The news came as a surprise to Kristi Olson, the university’s information technology security director, who was in the audience.
“I’m excited about the sustainability objectives,” she said. “We all want to do our part to lessen our impact.”
Renae Scott, the university’s chief information officer, said she is getting a hybrid car and is looking forward to being able to charge it on campus.
‘Education is at the root of our democracy’
Satterlee said one of the university’s key responsibilities is to “produce an educated citizenry to make our world better.” Thinking critically and analytically, evaluating differing opinions, and engaging in civil discourse are all essential to maintaining a republic.
“Education is at the root of our democracy,” he said.
He shared an anecdote about former President William Howard Taft ordering a military escort and 21-gun salute to honor his predecessor, former President Theodore Roosevelt, when he returned to the United States after two years spent abroad.
“So imagine that for a minute: a sitting U.S. president ordering … (that) for their predecessor .. who had become their rival in the next election,” Satterlee said in a critique of the bitter, partisan acrimony that has characterized American politics of late. “As a nation, as a state, as a community, we can do better than we’re doing now when it comes to political, civil discourse.”
He emphasized that the university does not teach students what to think but how to think and said this year’s focus on engagement and civil discourse would be nonpartisan.
University achievements were especially meaningful after a difficult few years
While listing off Idaho State’s recent accomplishments, Satterlee took time to recognize the toll of the past few years – made especially difficult because of the pandemic – on faculty and staff.
“I need to acknowledge … that this success has come at a cost to everyone,” he said. “I think everyone is a bit tired. Everyone is facing some level of burnout even.” But, he said, “We’re all in this together and will keep fighting for that future we all want.”
He urged faculty to focus on the past year’s highlights:
- Accreditation was reaffirmed last fall, an achievement that took years of effort.
- Academic colleges and departments had their own unique successes – like the College of Arts and Letters facilitating distance learning for rural students; the College of Education providing scholarships for paraprofessionals to become teachers; and the graduate school enrolling its largest ever class last fall.
- A new five-year strategic plan – which included a mission, vision, and values — was approved by the State Board in June.

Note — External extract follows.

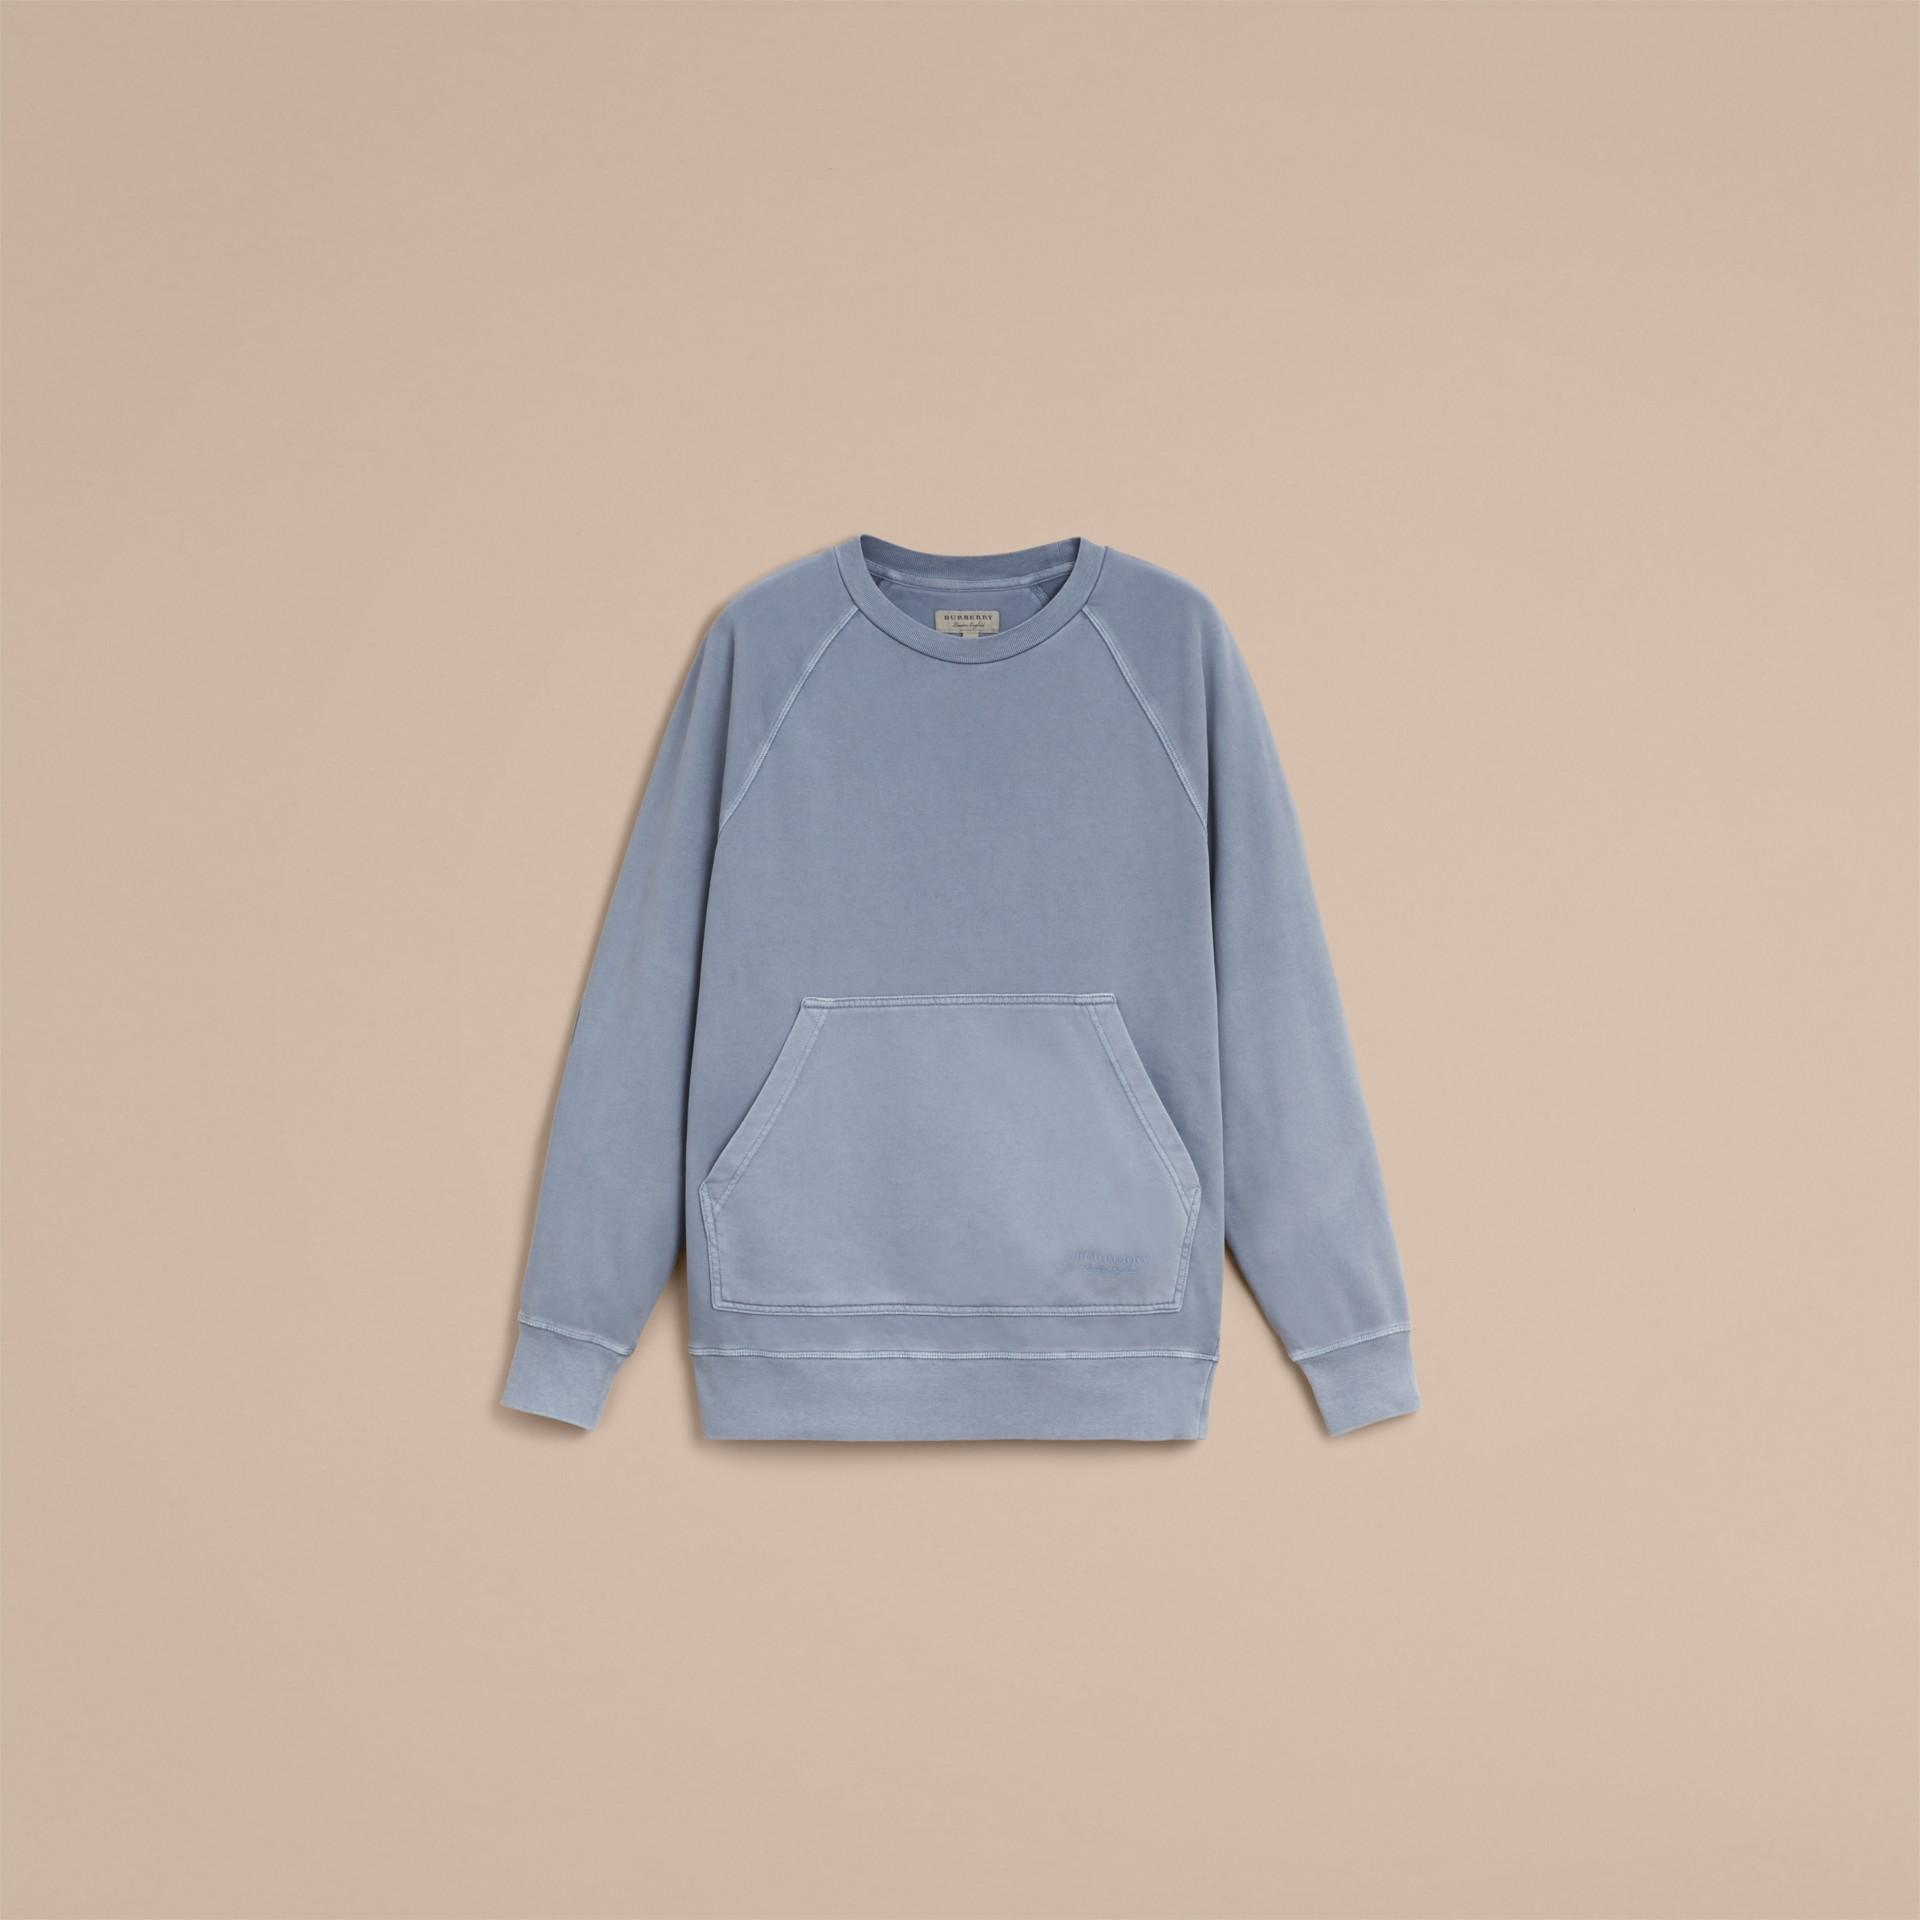 Unisex Pigment-dyed Cotton Oversize Sweatshirt in Dusty Blue - Women | Burberry Singapore - gallery image 4

- A new campus facilities master plan lays out upcoming improvements, such as making a plaza on 9th Avenue and upgrading the Red Hill trail system.
- Idaho State raised $450,000 to pay academic advisers after the Legislature turned down the university’s request for funding. Satterlee openly criticized the legislators’ decision.
- Fall 2021 retention rates were up by about 3 to 7 percentage points in each college (when compared to the previous five-year average).
- The number of students with a first-semester GPA under 2.0 has dropped.
- A mentor program aimed at first-year students is growing and will be provided for this fall’s entire incoming class.
“We are a tiger team that fought through the last few years of adversity,” Satterlee said. “Our graduated students are living proof of why that fight was worth it.”
Afterward, attendees were treated to a free lunch on the quad. Enjoying her lunch, Olson said she appreciated the reminders of all the accomplishments from the past year.
“We get so down in the dirt sometimes that we forget to take a step back and see the whole picture,” she said.
Satterlee’s speech is available to watch in full on the University’s YouTube page.